もう一冊、つい最近に出版されたヒトラー本も楽しめましたのでご紹介。
タイトルは「ヒトラー サラリーマンがそのまま使える自己PRとマネジメント術」。
表紙を見るとなんとなく、日本を舞台にした「帰ってきたヒトラー」みたいな印象がありますね。
面白いのはちゃんとしたビジネス書なのに、ヒトラーの戦略を参考にする・・という視点です。

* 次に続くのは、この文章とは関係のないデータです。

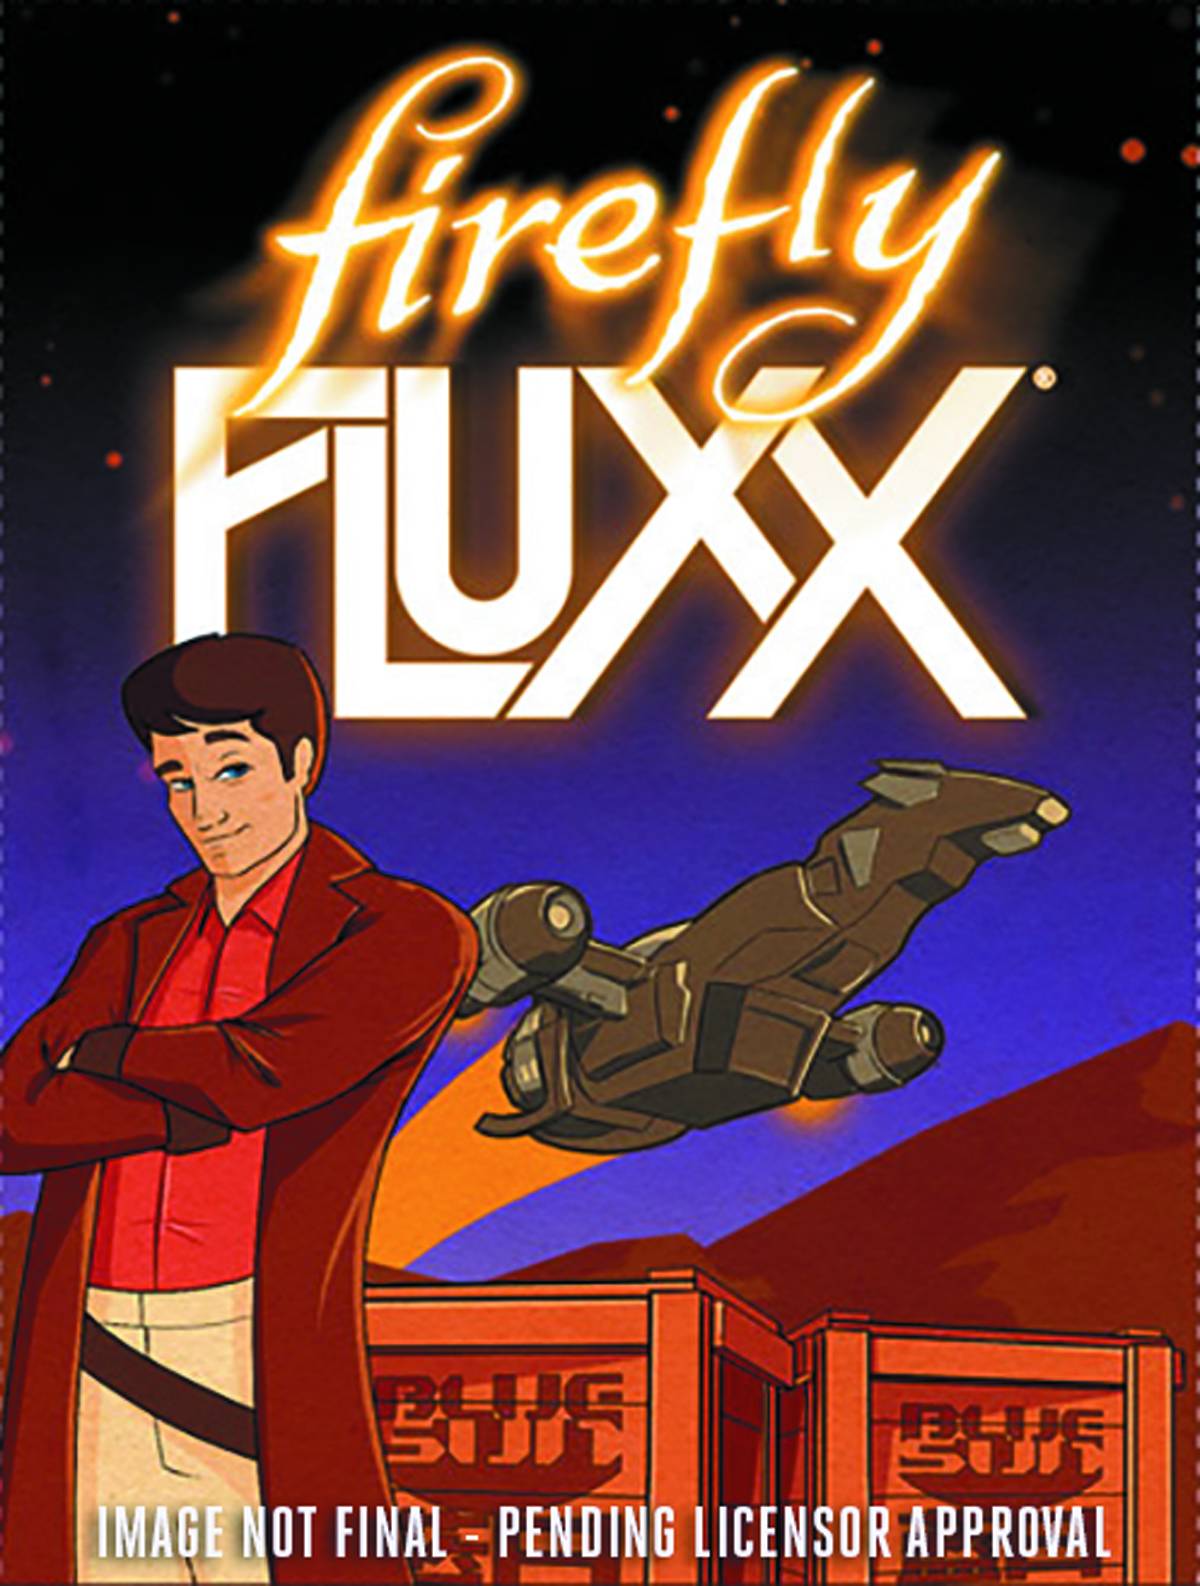 Fluxx - Firefly Fluxx Card Game

例えば「ミュンヘン一揆」の失敗で裁判にかけられたヒトラーが、「責任は私一人で負う」として、
徐々に人気が上がっていった件を紹介したうえで、
プロジェクトの失敗もこのようにチャンスに変えるのだ・・といった展開で、
その他、アルゲマイネSSの黒の制服・・などのイメージ戦略からも、
第一印象は大事ですから清潔で、ある程度上等のスーツを着て、靴も磨きましょう・・と解説。

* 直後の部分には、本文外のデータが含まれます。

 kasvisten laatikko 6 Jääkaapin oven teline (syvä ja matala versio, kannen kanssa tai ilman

レームやヒムラー、ゲッベルスのような部下を持ったときにどうすべきか・・など、
ヒトラー戦略は関係なくてもヴィトゲンシュタインが共感する部分も多く、
逆にその関連性に思わず何度か笑ってしまいました。

ナチス関連の写真も掲載された176ページの本書は一日でも読破できるボリュームですが、
カバーもせずに通勤電車で読むのには、それなりの度胸が必要でしょう。
ナチス好きのサラリーマンなら、昼休みに自席でコッソリ読んで、ニヤつける一冊です。



最後に「劇画ヒットラー」に戻りますが、巻末には参考文献が挙げられており、
ヒトラー伝としてはヴェルナー・マーザーの「ヒトラー」と、
アラン・ブロックの「アドルフ・ヒトラー」など。
独破戦線で紹介したものなら、「ヒトラー最後の戦闘」、「第三帝国の興亡」、
ゲシュタポ -恐怖の秘密警察とナチ親衛隊-」、「ゲシュタポ・狂気の歴史」、「国防軍とヒトラー」、
ナチス狂気の内幕」、「バルバロッサ作戦」、「砂漠のキツネ」、「Uボート作戦」です。

水木 しげるの最高傑作との評判もある、「総員玉砕せよ! 」もつい買ってしまいました。